Se isso era certo no tempo de Gide, hoje, creio, é ainda mais.
O nível de ruído atual é assombroso e a taxa de esquecimento, absurda.
Ruído tanto é poluição sonora como obstáculo ao entendimento, dito grosseiramente, na teoria da comunicação.
Taxa de esquecimento é como chamo a velocidade com que apagamos coisas dos sentidos, inclusive memórias que podiam ter se assentado em nosso ser e enriquecido relações afetivas e sociais.
Essas memórias se tornariam valiosas na vida estendida — dádiva da nossa era. Esquecer menos, estimo, importaria para a tão publicitária “qualidade de vida”.
E também, por certo, importaria para mitigar a sensação de que somos levados pelos acontecimentos, como álbuns de fotografias na enxurrada.
Claro que para a taxa de ruído concorre a oferta de estímulos, sons, imagens e textos — a maior da história, obviamente — da era digital.
A expressão “jogar conversa fora” ganhou conotações inesperadas e bizarras com os novos meios instantâneos de comunicação.
Nunca foi tão fácil — e banal — escrever.
Mas, ao mesmo tempo, nunca foi tão difícil falar e escrever com atenção, precisão, compromisso, respeito — significativamente — também por amor ao idioma de Machado e Rosa, hoje tão apequenado.
Pode-se ter a impressão de que tudo já foi dito, logo devemos nos repetir.
A inteligência artificial se adianta a cada palavra que digitamos, chatbots redigem qualquer coisa que ordenarmos; também podem simular falas e diálogos.

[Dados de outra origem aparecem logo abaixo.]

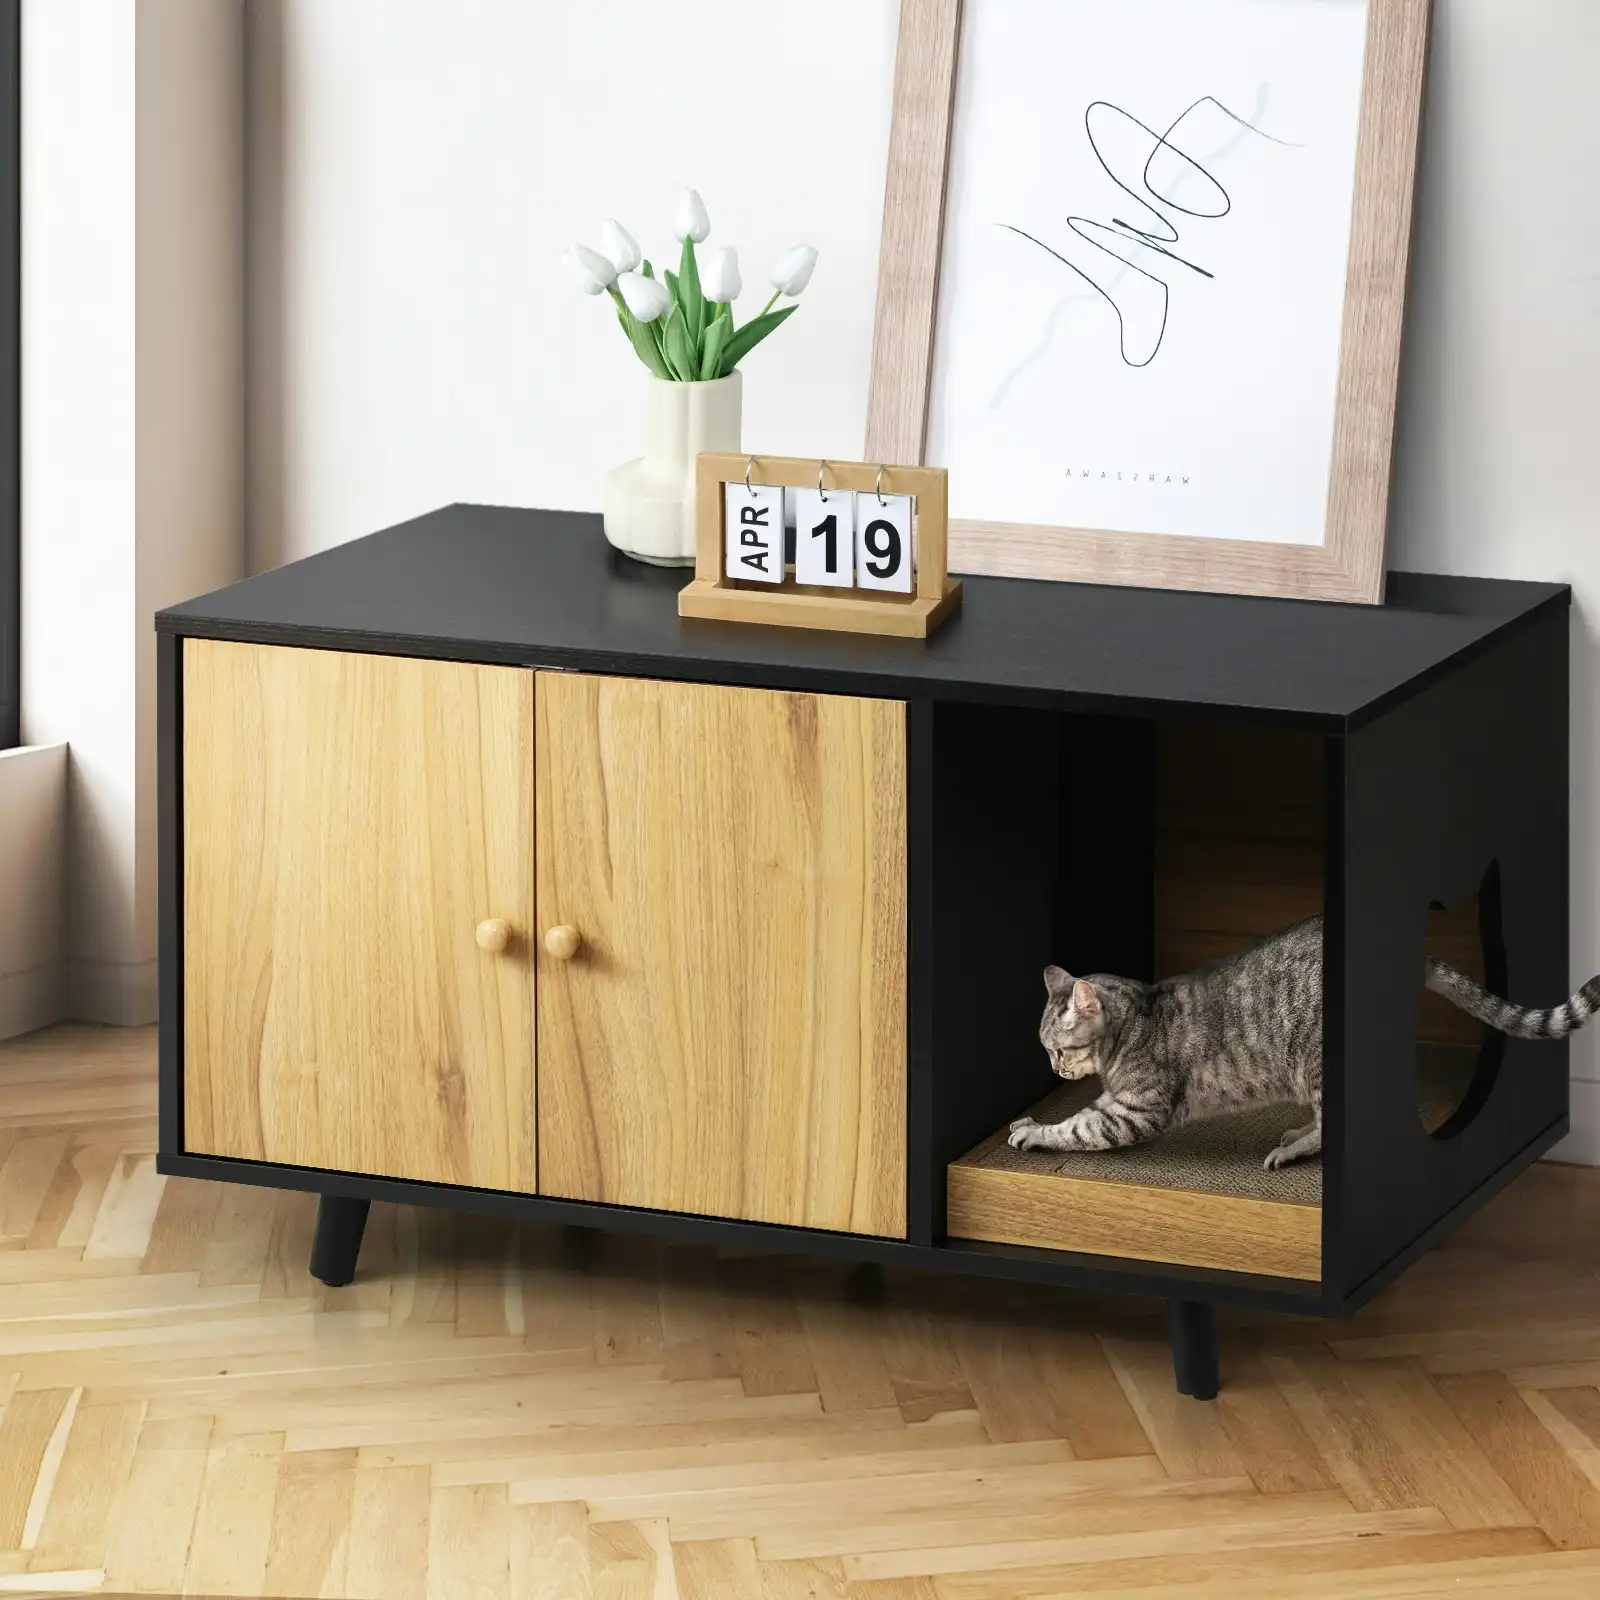 Alopet Cat Litter Box Enclosure Wooden Side Table Storage Cabinet W/ Scratcher

Como os robôs do Word, Google etc., transformam e padronizam o idioma em estruturas burocráticas, meio cartoriais.
Textos saem sem sabor, cor ou perfume mas, claro, facilita a vida de muita gente. Ganha-se tempo.
Entretanto, é urgente que digamos o que temos pra dizer, profundamente.
Botei aqui outro dia um enunciado de Muniz Sodré: “No deserto moral do digitalismo, impera a lei dos números. Cem vale menos que mil, que vale menos que um milhão...”.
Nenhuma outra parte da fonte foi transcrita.